> **Brief**: Please transcribe the lines below exactly, and leave every image behind.

> **Given information**:

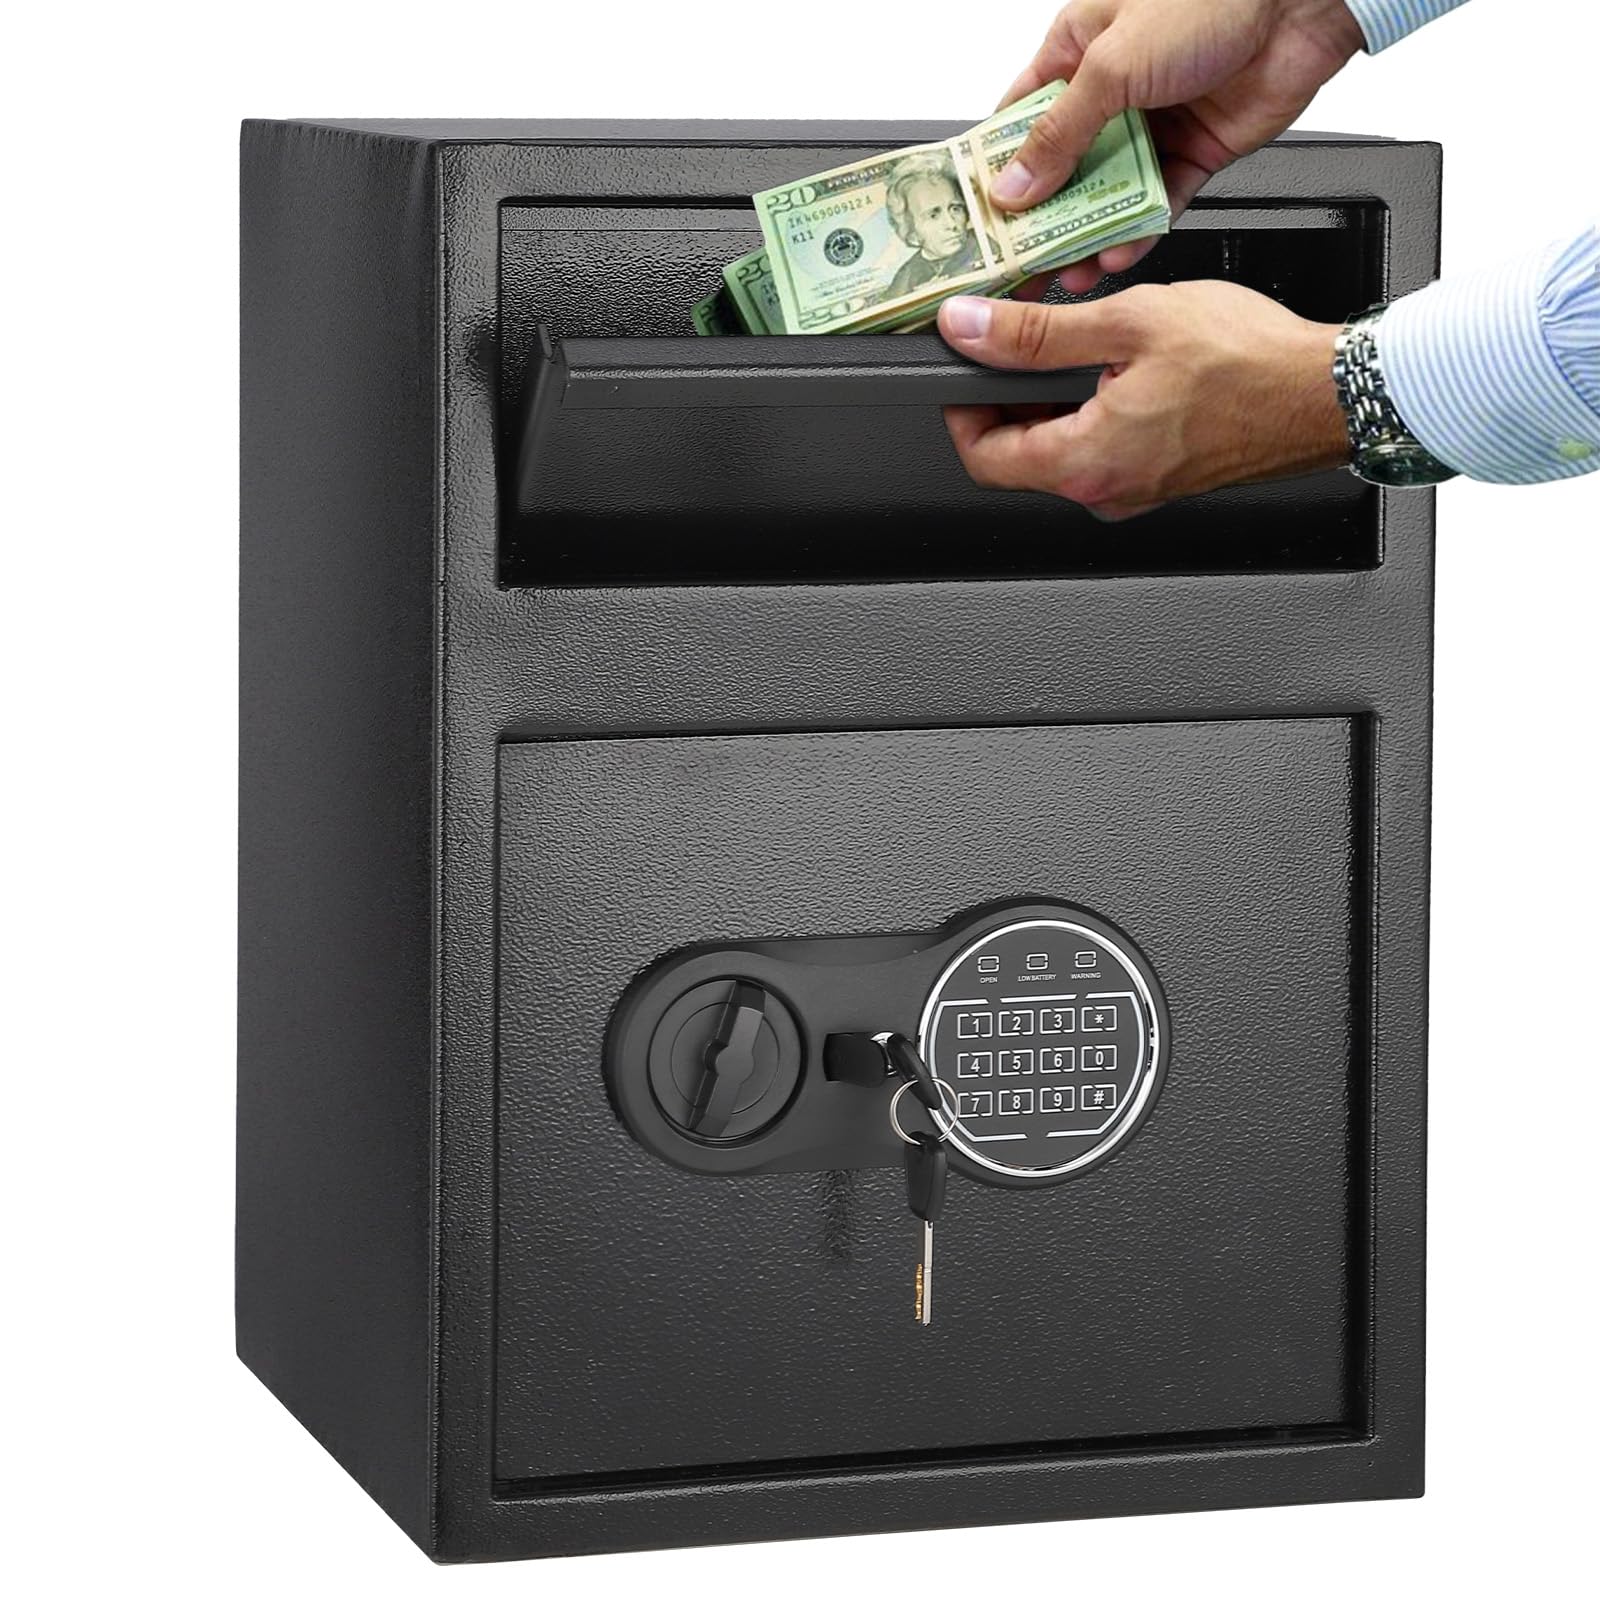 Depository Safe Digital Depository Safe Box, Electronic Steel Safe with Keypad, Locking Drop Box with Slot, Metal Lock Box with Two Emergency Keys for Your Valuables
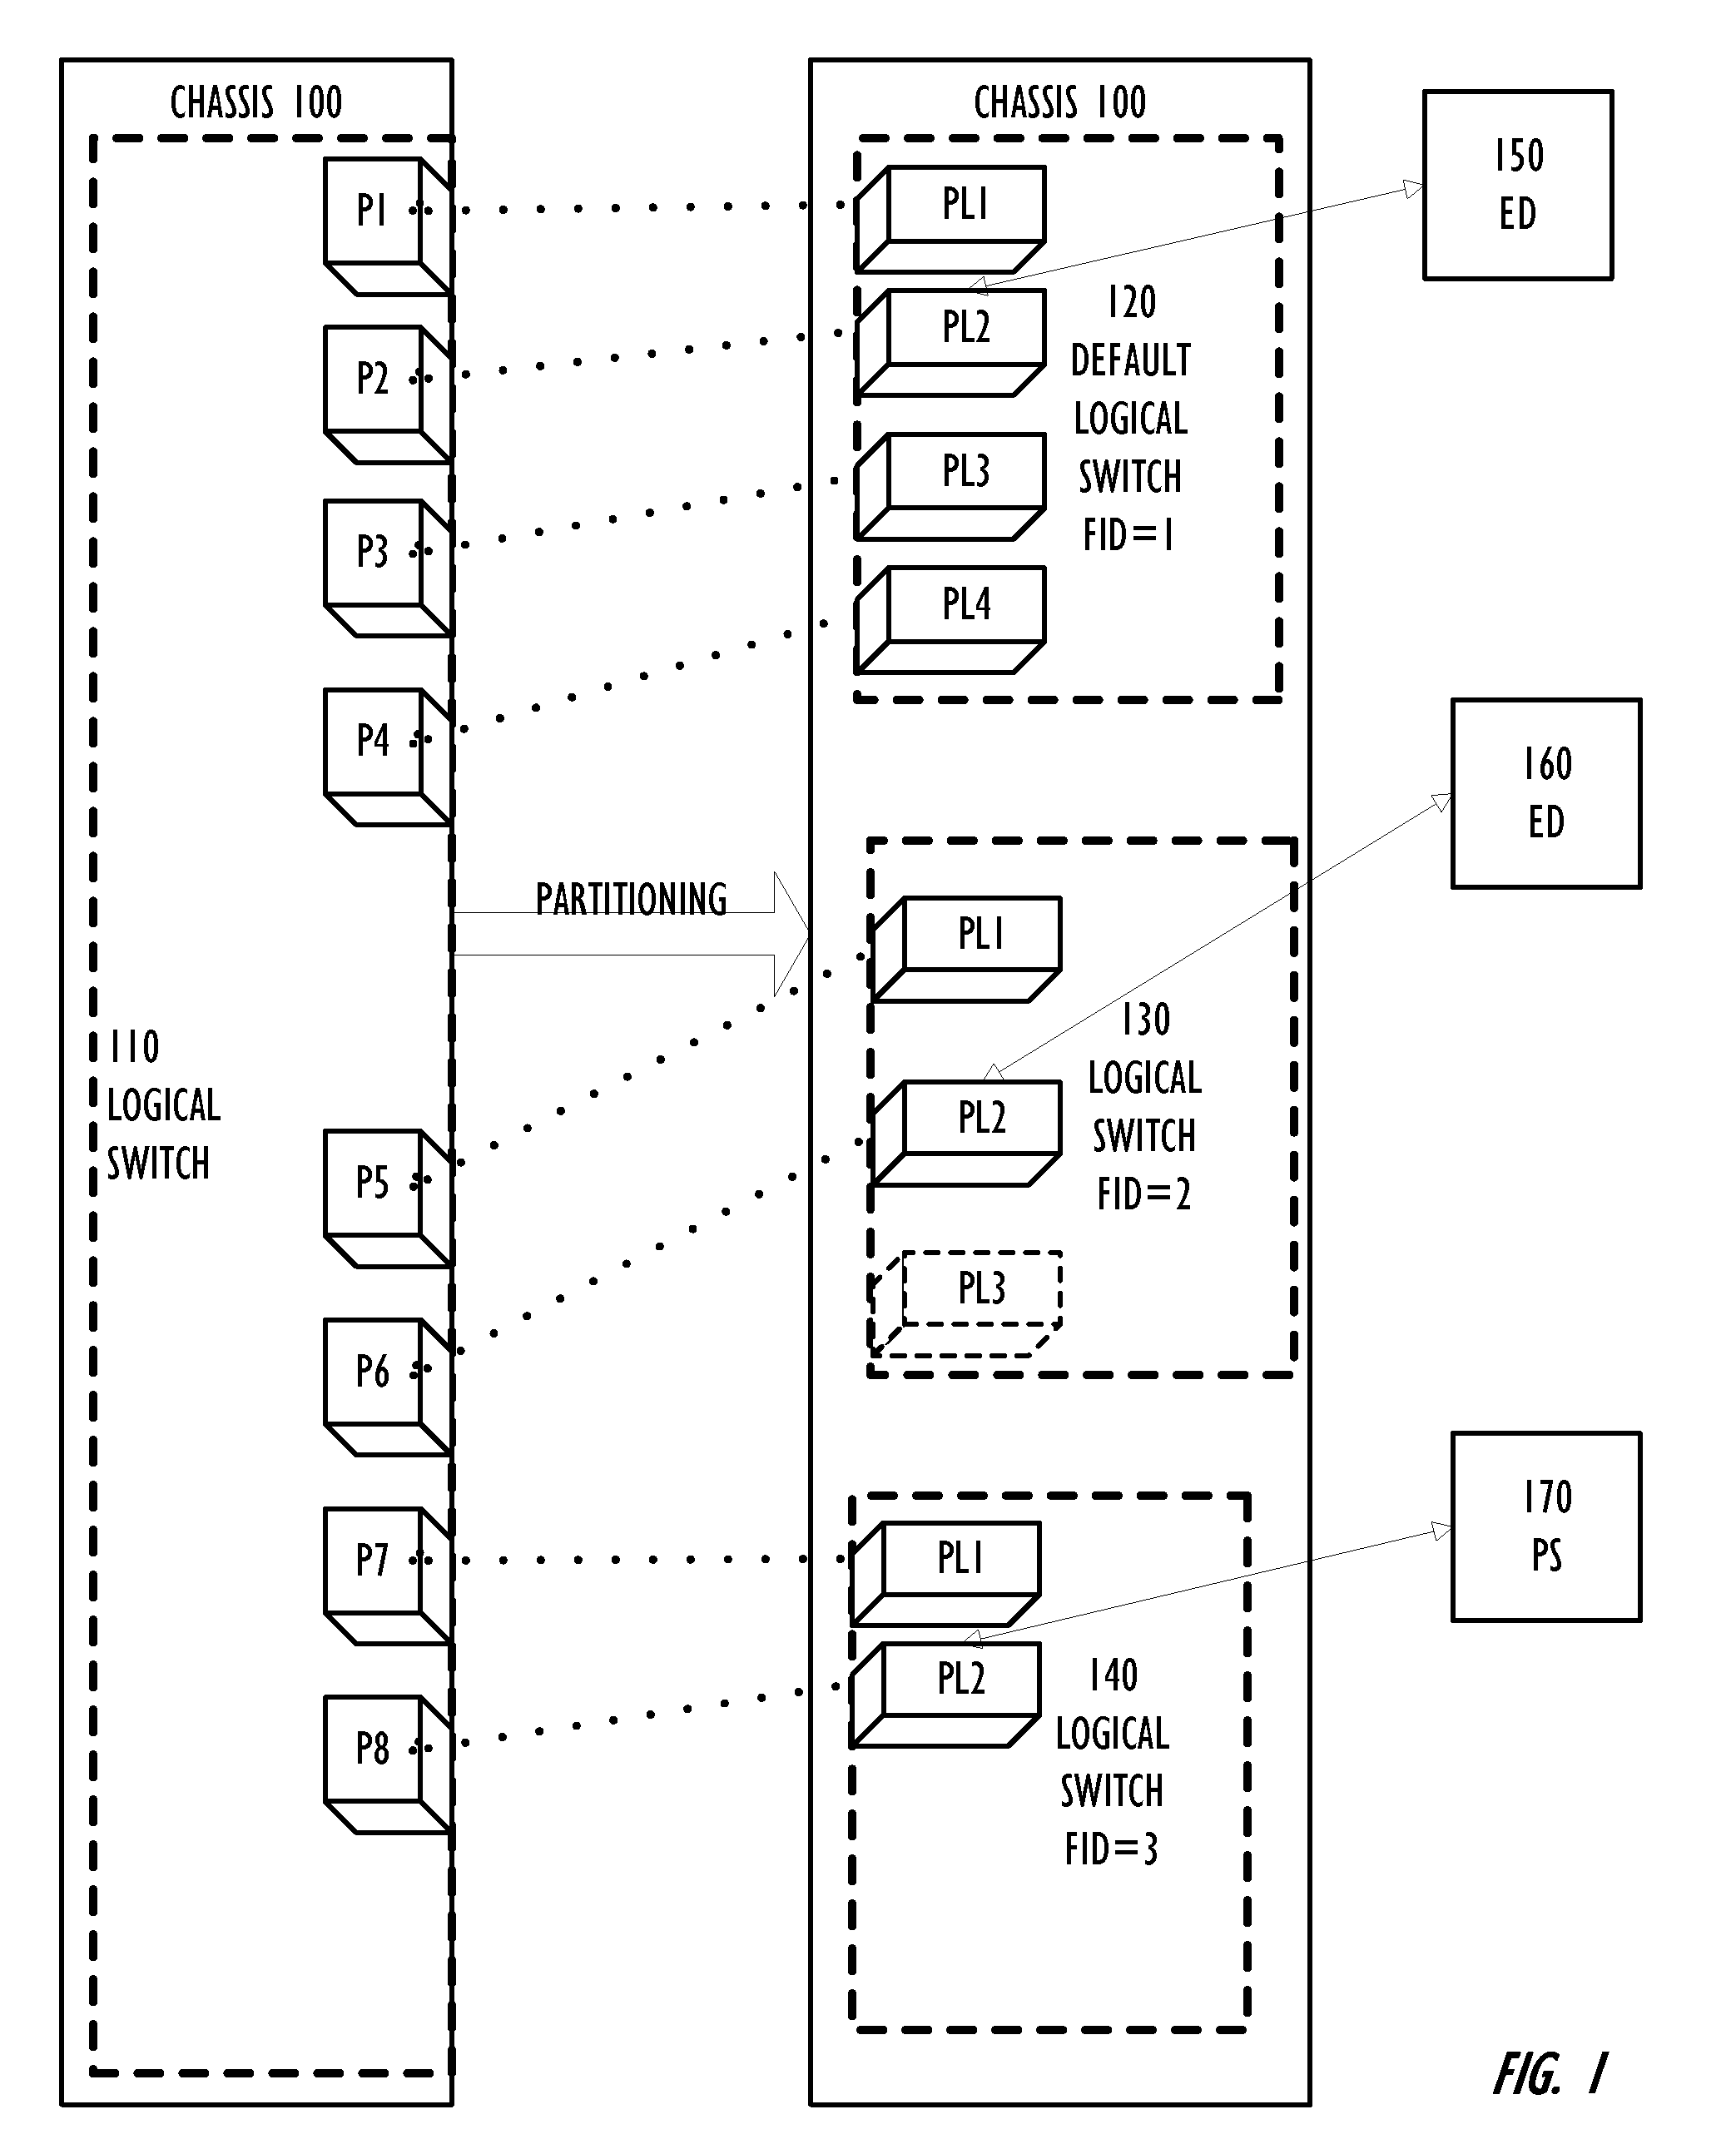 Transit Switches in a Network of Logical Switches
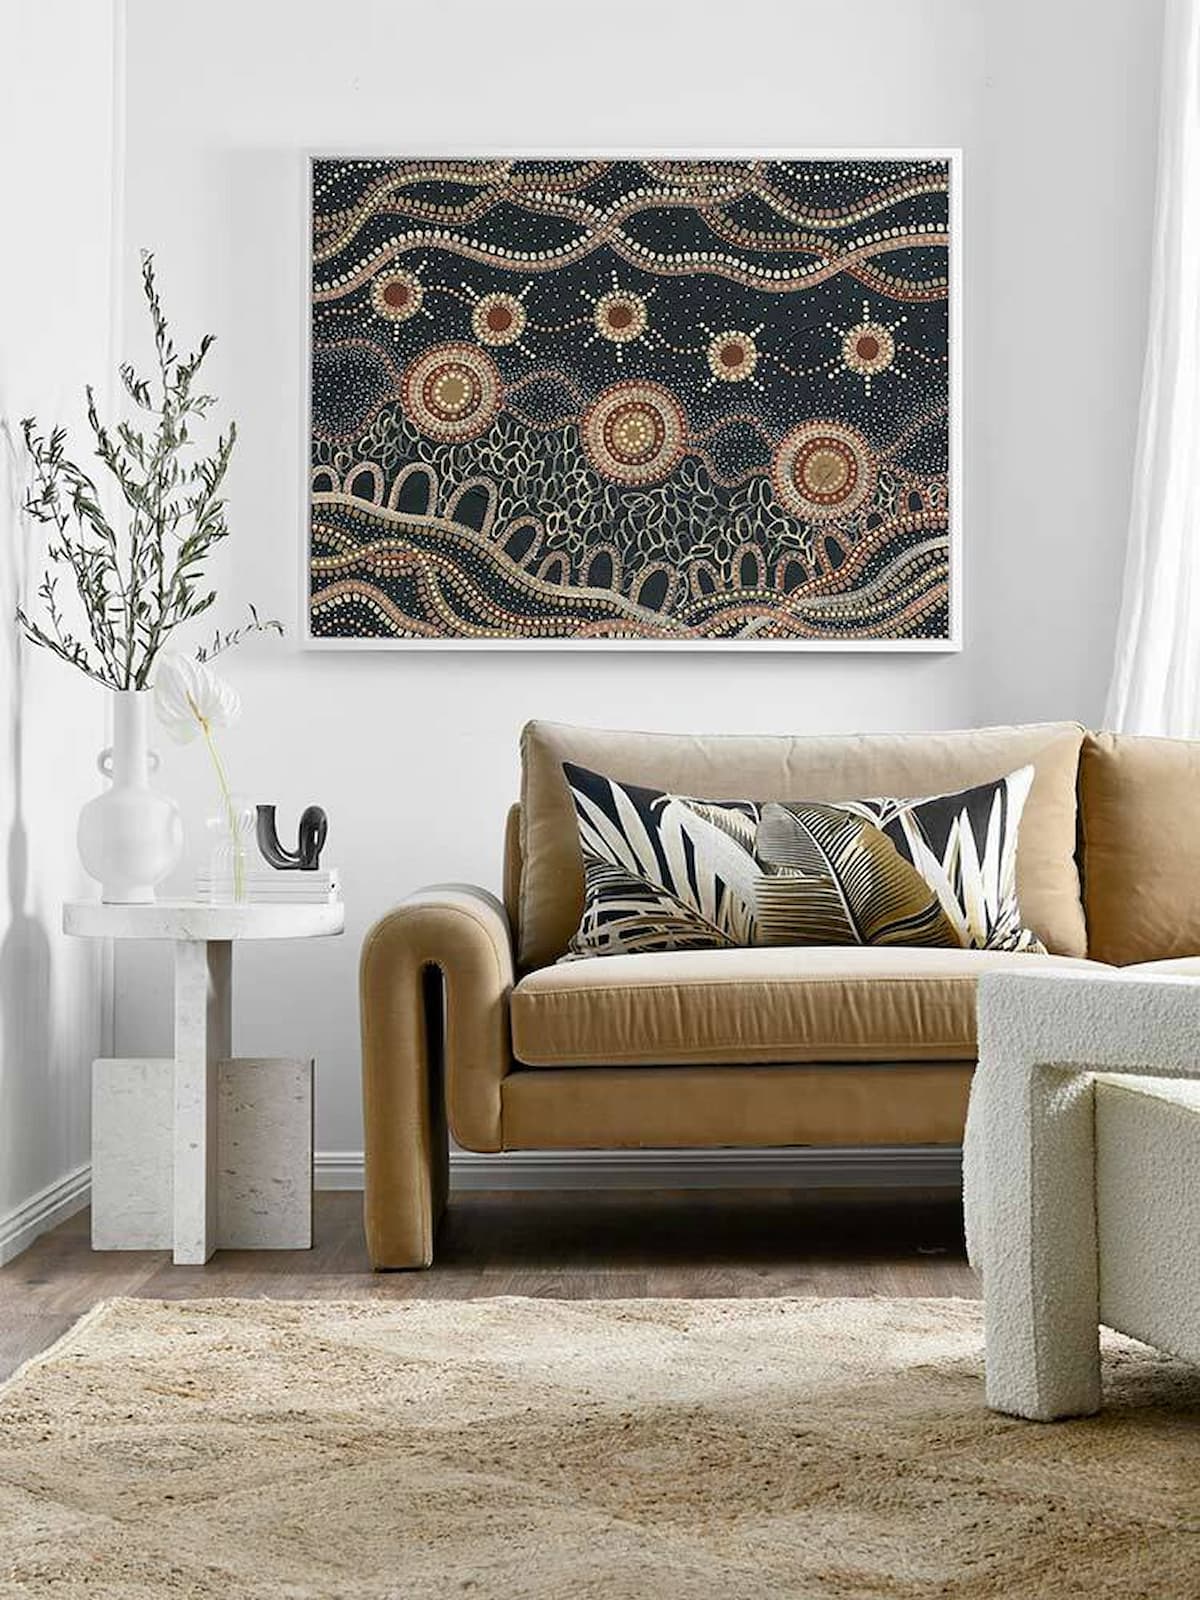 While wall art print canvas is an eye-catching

> **Response area**:
 Depository Safe Digital Depository Safe Box, Electronic Steel Safe with Keypad, Locking Drop Box with Slot, Metal Lock Box with Two Emergency Keys for Your Valuables
 Transit Switches in a Network of Logical Switches
 While wall art print canvas is an eye-catching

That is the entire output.